Junior High School Physics Electricity Problems I. Ohm's Law and Its Deformation Formula.
i=u/r u=ir r=u/i
2. The calculation formula of electrical work (or electric energy consumption).
w=uit=u2t/r=i2rt=pt
w 50r 2500r kw·h or 500imp 5000imp kw·h, w w at the end of the month w at the end of the previous month, etc.

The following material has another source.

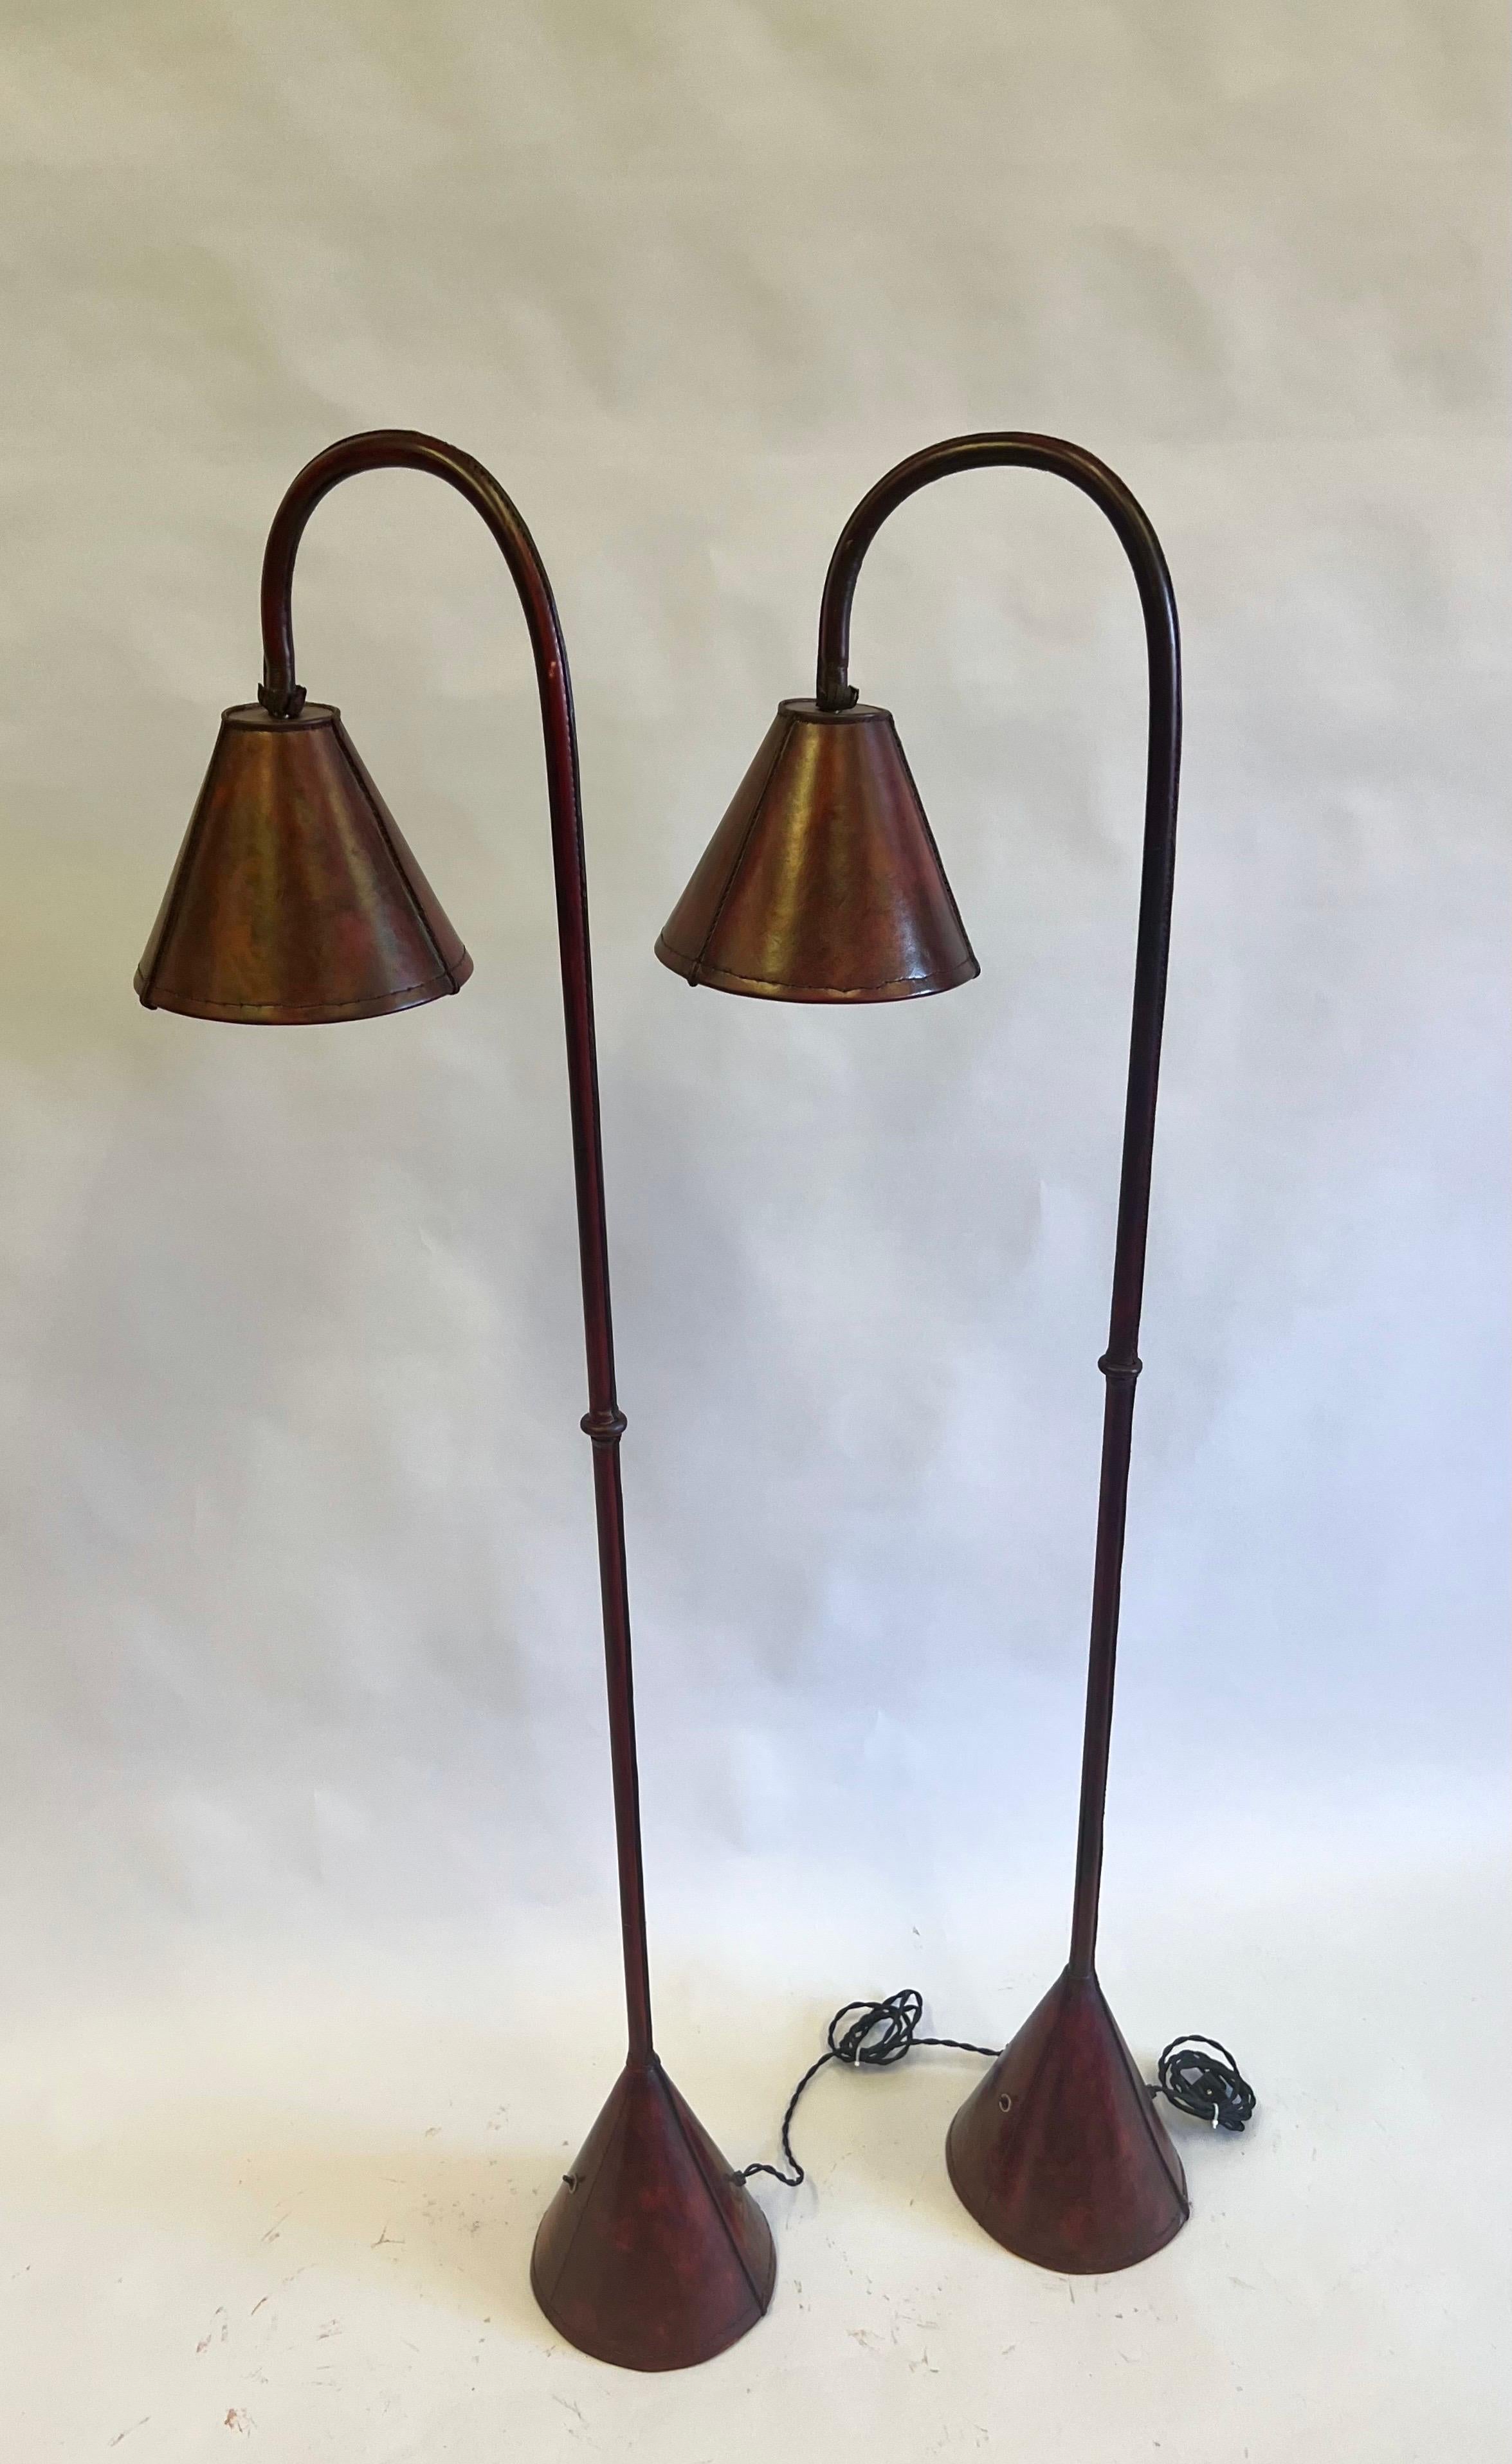 Hand-Crafted Pair, French Mid-Century Burgundy Stitched Leather Floor Lamps by Jacques Adnet For Sale

3. The formula for calculating electrical power.
p=w/t=ui=u2/r=i2 r
4. The formula for calculating the heat generated by the electric current.
q=i2rt=uit=u2t/r=pt=w
5. The relationship between the seven physical quantities of the series circuit (taking two pure resistors R1 and R2 in series as an example).
1 Equiquantitative relationship.
i=i1=i2 u=u1+u2 r=r1+r2
t=t1=t2 w=w1+w2 p=p1+p2 q=q1+q2
2 Assignment Relationships.
i1 i2 1 1 u1 u2 w1 w2 p1 p2 q1 q2 r1 r2 (partial pressure principle).
6. The relationship between the seven physical quantities of parallel circuits (taking two pure resistors R1 and R2 in parallel as an example).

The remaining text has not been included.